# Collected data entries
********************
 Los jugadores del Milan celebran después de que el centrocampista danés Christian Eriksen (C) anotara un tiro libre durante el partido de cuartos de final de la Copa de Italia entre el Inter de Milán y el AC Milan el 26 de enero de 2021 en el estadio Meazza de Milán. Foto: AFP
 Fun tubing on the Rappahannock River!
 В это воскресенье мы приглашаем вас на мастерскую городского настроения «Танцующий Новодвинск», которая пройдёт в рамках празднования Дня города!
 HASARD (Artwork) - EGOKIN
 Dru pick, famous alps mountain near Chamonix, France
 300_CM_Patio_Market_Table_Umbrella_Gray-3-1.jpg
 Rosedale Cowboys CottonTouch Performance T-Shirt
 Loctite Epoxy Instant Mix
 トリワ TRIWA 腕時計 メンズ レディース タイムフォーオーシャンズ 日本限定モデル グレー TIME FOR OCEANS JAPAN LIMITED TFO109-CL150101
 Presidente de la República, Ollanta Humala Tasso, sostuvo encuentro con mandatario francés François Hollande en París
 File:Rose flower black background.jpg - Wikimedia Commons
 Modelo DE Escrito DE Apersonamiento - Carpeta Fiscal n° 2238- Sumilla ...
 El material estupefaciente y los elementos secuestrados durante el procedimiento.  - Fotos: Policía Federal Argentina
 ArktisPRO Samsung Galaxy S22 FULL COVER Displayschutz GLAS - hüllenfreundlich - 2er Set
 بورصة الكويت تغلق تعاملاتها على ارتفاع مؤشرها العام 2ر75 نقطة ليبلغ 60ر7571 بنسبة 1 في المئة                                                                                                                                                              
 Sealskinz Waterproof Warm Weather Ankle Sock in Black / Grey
********************
# WORK INSTRUCTION
Copy the entries above exactly, but only from the line holding "Dru pick, famous" through the line holding "トリワ TRIWA 腕時計", both included.

# ANSWER SECTION
 Dru pick, famous alps mountain near Chamonix, France
 300_CM_Patio_Market_Table_Umbrella_Gray-3-1.jpg
 Rosedale Cowboys CottonTouch Performance T-Shirt
 Loctite Epoxy Instant Mix
 トリワ TRIWA 腕時計 メンズ レディース タイムフォーオーシャンズ 日本限定モデル グレー TIME FOR OCEANS JAPAN LIMITED TFO109-CL150101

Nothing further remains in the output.